In this case-control study, 48 men (61.5 ± 12.1 years old) presenting with symptomatic IVF were compared with 48 healthy controls matched for age (±5 years) and stature (±5 cm). The aBMD and soft-tissue body composition were determined by dual energy X-ray absorptiometry (DXA). Muscle mass was defined as the ratio of appendicular lean mass to the square of height (ALMI). Sex hormones, IGF-I and its binding protein IGFBP-3 were measured by immunoassay.
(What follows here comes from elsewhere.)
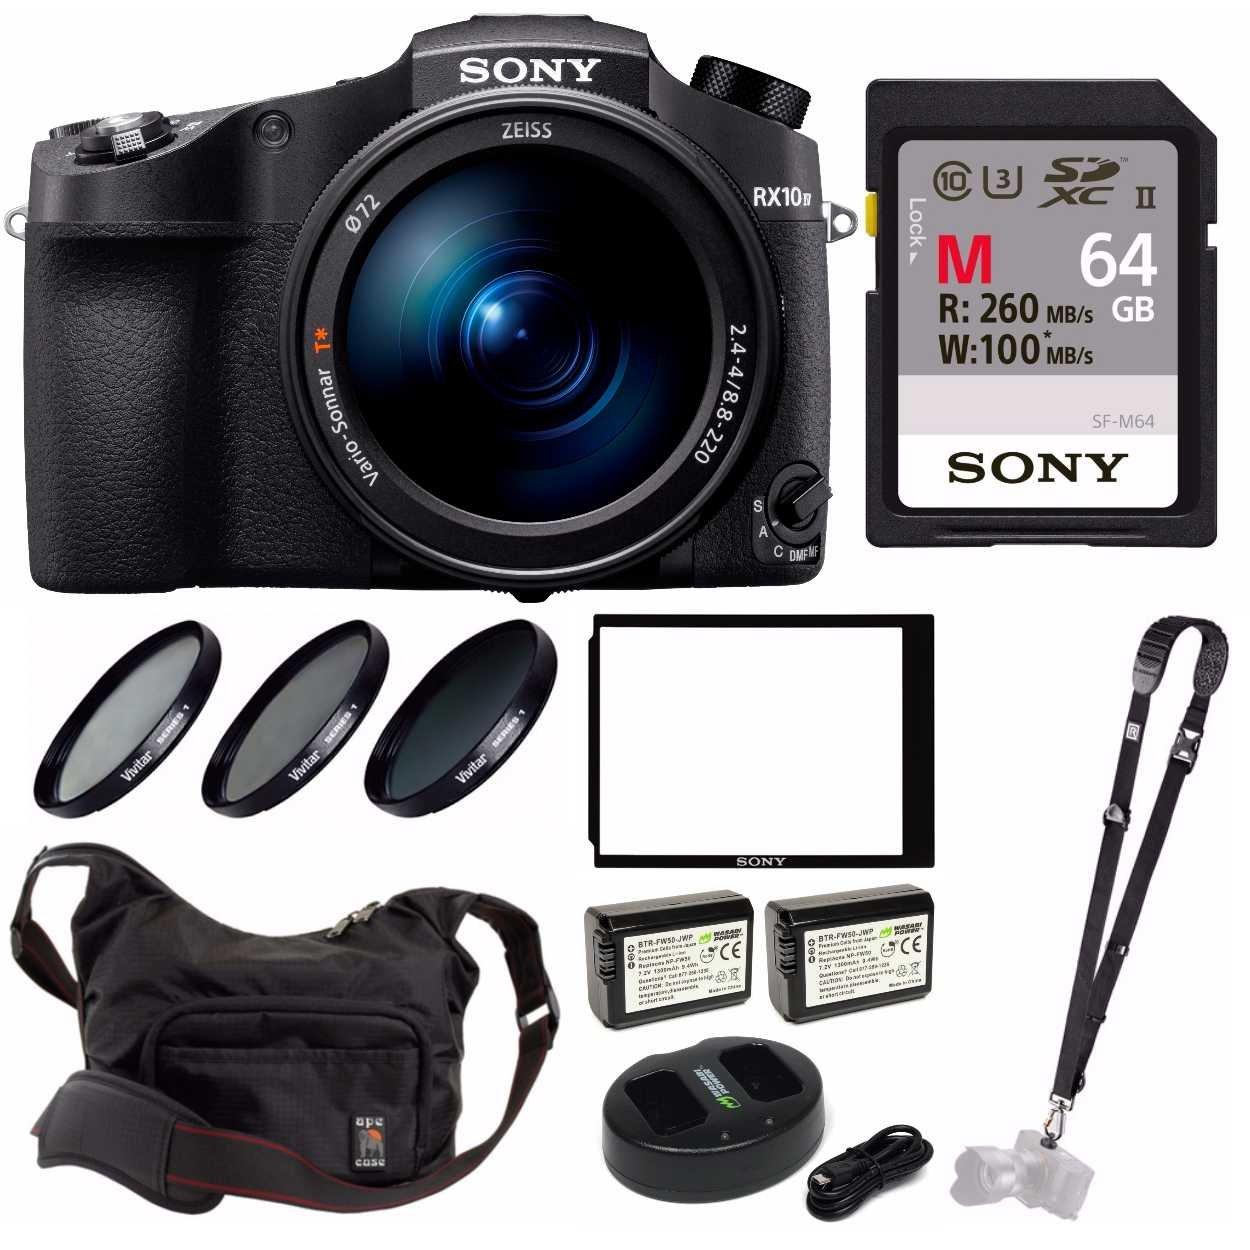 Sony Cyber‑Shot RX10 IV with 0 03 Second Auto-Focus & 25x Optical Zoom  (DSC-RX10M4) Pro Bundle (Sony 64GB M Ca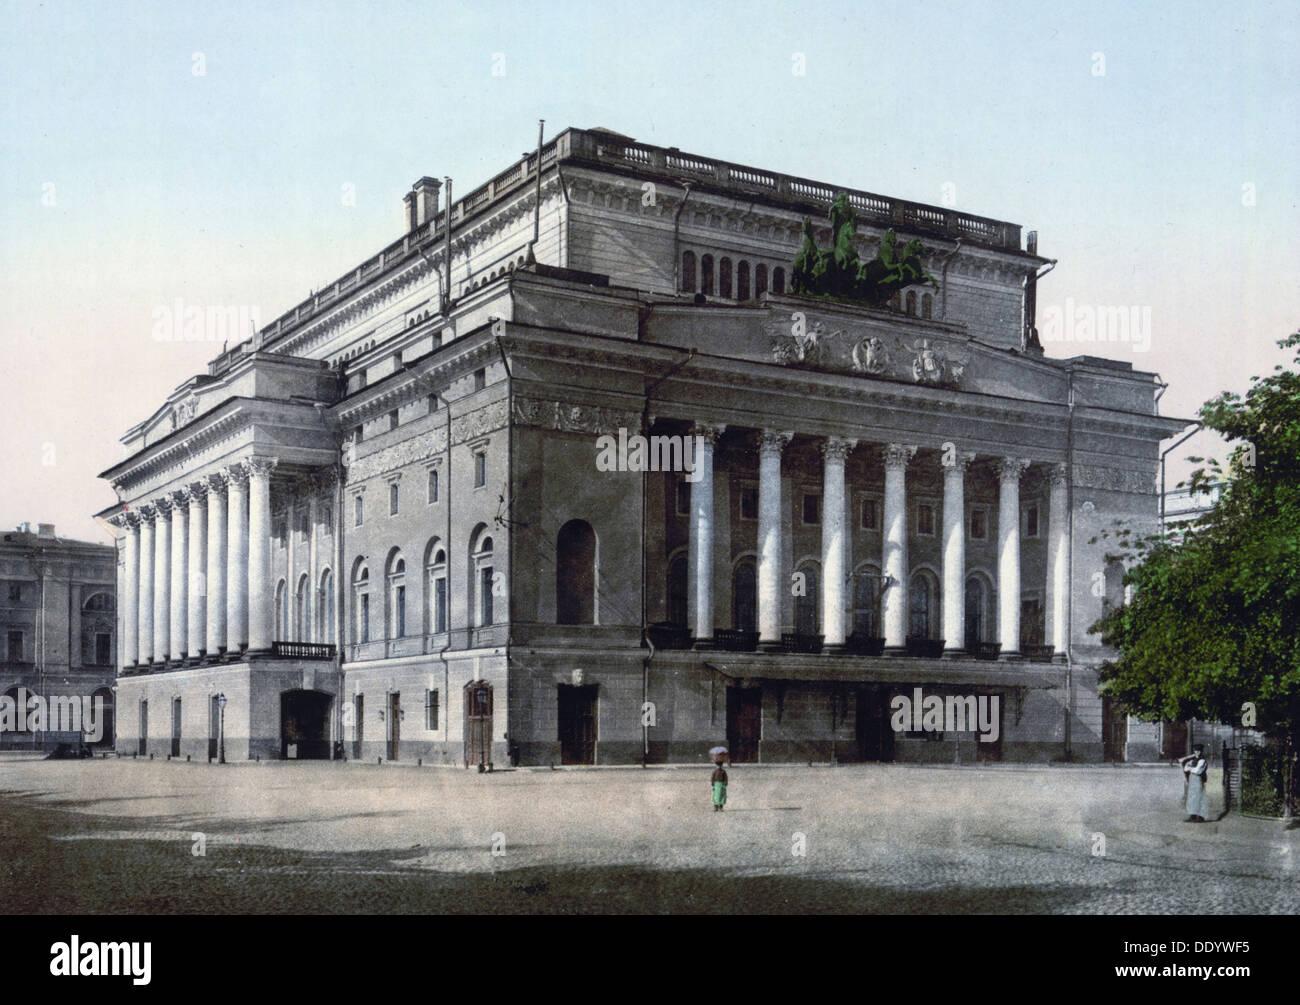 The Alexandrinsky Theatre, St Petersburg, Russia, c1890-c1905. Artist: Anon - Stock Image

ALMI was significantly lower in IVF patients (8.27 ± 0.90 vs 8.65 ± 0.88 kg/m2, t = 2.193, df = 47, P = 0.033 by paired sample t-test). Hierarchical regression analysis revealed that for IVF patients, ALMI explained the greatest proportion of variance in BMD at the lumbar spine, femoral neck and total hip (R2change = 16.4–22.7%, P = 0.012–0.002) and only IGFBP-3 explained variance in ALMI (R2change = 19.9%, P = 0.006).
In men with IVF, ALMI was reduced and associated with IGFBP-3. ALMI was identified as a novel factor that explained a greater proportion of variance in BMD than either fat mass or serum biochemistry.